**Exercise goal:**
In the entries below, find the string "area" and return each line holding it.

──────────

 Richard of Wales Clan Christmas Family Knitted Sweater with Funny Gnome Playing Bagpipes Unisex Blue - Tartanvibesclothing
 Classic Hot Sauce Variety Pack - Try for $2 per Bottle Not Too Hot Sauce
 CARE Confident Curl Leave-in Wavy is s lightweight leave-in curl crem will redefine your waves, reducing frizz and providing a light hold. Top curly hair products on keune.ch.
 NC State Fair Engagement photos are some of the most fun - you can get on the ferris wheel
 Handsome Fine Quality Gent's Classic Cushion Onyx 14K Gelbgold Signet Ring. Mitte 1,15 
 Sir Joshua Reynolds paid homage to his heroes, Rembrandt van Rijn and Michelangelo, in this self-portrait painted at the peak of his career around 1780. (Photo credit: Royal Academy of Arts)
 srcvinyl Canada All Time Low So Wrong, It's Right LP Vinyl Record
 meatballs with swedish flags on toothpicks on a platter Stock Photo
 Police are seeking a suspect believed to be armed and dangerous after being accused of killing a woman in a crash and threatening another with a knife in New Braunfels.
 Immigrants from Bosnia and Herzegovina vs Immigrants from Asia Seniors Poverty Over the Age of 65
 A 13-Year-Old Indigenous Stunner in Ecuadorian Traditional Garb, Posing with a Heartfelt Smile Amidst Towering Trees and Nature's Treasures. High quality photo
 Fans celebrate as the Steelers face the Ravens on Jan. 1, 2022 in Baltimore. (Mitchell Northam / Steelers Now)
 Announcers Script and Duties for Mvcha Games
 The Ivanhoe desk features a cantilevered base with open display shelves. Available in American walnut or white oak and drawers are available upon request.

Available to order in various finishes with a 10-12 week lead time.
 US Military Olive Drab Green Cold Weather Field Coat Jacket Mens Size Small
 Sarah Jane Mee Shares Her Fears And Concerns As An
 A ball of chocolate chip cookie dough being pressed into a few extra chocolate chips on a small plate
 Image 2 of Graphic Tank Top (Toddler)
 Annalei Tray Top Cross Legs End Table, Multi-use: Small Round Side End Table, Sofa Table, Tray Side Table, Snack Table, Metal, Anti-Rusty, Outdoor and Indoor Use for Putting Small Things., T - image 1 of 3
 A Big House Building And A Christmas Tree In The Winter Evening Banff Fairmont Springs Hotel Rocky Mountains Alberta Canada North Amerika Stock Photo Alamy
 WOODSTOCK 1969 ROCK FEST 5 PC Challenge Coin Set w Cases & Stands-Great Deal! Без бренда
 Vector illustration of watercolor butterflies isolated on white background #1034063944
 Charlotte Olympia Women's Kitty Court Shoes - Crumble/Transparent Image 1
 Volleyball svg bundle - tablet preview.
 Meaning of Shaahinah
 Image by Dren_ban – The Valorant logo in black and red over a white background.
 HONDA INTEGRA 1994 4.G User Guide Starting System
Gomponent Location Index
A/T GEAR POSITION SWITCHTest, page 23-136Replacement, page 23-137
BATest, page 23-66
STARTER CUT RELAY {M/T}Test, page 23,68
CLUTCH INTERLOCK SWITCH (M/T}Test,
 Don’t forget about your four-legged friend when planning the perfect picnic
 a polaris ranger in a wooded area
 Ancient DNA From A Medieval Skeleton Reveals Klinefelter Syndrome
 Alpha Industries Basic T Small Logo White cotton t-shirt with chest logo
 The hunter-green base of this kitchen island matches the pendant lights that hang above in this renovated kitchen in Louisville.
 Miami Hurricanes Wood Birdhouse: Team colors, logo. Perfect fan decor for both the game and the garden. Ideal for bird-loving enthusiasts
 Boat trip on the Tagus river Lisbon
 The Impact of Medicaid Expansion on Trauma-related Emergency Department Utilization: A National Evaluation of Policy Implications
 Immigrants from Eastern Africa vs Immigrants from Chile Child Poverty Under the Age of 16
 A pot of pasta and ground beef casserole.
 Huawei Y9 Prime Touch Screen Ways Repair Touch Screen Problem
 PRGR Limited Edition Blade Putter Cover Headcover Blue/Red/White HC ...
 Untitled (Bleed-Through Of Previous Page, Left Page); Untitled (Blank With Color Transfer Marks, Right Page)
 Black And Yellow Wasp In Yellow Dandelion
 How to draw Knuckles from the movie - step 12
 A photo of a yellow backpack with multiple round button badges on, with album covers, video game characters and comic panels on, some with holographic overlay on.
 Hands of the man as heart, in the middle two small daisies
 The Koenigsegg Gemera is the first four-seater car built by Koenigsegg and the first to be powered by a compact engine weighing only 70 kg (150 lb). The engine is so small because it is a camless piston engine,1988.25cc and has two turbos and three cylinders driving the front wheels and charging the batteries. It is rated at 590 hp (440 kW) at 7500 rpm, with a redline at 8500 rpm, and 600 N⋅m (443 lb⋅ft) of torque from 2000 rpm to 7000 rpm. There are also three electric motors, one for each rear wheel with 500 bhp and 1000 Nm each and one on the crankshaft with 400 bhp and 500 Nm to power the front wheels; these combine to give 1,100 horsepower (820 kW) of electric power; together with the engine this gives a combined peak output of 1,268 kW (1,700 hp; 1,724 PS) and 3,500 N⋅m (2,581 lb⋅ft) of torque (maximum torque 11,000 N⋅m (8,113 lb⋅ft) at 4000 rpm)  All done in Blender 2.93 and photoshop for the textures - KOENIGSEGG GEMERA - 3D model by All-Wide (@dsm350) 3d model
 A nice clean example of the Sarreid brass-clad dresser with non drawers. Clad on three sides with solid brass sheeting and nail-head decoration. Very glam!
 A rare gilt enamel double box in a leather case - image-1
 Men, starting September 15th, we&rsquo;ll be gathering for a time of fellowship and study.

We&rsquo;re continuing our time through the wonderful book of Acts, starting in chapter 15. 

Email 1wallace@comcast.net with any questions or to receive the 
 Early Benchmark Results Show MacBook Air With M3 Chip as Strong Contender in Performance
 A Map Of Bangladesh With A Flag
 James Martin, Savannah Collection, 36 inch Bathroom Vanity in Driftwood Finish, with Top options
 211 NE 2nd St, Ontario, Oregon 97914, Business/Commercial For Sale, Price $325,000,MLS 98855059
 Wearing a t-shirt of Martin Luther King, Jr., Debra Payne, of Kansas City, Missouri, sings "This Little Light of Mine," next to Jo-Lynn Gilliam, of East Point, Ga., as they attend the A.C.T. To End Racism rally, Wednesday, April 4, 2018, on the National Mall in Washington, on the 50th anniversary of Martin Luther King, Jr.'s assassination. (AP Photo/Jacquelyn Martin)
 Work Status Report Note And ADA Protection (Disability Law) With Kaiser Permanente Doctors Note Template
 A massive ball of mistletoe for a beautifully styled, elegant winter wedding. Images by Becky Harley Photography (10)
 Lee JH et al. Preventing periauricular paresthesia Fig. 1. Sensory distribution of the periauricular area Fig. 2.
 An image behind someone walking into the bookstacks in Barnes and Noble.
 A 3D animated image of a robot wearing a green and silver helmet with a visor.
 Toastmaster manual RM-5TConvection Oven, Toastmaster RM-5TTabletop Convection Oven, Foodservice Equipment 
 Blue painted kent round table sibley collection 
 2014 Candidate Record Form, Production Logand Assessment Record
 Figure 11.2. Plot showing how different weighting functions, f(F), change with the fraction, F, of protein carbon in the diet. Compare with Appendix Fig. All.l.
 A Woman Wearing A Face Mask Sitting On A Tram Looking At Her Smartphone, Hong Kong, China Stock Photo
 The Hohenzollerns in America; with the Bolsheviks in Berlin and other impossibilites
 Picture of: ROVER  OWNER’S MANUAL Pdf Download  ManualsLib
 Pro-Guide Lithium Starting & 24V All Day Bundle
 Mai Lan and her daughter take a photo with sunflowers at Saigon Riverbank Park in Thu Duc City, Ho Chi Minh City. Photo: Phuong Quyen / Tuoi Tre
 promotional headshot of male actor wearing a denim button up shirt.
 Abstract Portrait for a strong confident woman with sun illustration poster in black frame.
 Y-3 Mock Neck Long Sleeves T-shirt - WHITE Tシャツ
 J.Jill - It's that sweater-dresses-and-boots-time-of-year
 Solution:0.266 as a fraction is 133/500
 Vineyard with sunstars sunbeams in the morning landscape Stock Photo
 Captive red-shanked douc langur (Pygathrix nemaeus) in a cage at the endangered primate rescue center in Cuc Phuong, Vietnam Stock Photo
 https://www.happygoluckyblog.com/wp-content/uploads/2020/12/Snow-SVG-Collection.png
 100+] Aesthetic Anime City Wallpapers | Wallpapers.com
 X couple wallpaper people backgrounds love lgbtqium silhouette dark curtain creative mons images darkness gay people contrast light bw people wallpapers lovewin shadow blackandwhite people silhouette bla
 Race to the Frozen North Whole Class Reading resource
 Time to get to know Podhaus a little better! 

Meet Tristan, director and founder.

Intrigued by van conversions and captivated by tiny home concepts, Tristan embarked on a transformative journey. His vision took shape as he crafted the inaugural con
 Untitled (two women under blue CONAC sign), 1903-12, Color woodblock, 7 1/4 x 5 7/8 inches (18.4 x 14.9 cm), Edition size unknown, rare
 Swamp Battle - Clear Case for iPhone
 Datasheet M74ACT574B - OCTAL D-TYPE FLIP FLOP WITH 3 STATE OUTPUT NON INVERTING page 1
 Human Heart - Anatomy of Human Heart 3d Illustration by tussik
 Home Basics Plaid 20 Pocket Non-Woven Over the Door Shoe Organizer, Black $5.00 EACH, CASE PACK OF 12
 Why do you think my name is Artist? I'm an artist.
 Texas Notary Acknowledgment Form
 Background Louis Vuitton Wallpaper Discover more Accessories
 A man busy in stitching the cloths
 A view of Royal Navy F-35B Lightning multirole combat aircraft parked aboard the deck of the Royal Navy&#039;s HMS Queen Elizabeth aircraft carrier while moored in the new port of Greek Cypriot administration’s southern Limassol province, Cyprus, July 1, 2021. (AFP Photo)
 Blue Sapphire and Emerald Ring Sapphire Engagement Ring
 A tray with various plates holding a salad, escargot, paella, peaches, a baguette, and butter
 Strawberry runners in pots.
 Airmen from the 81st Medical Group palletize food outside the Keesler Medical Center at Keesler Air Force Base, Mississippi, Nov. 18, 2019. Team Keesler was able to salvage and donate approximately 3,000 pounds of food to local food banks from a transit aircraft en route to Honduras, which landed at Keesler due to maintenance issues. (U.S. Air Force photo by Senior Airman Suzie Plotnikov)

──────────

**Finished task:**
 a polaris ranger in a wooded area
 Lee JH et al. Preventing periauricular paresthesia Fig. 1. Sensory distribution of the periauricular area Fig. 2.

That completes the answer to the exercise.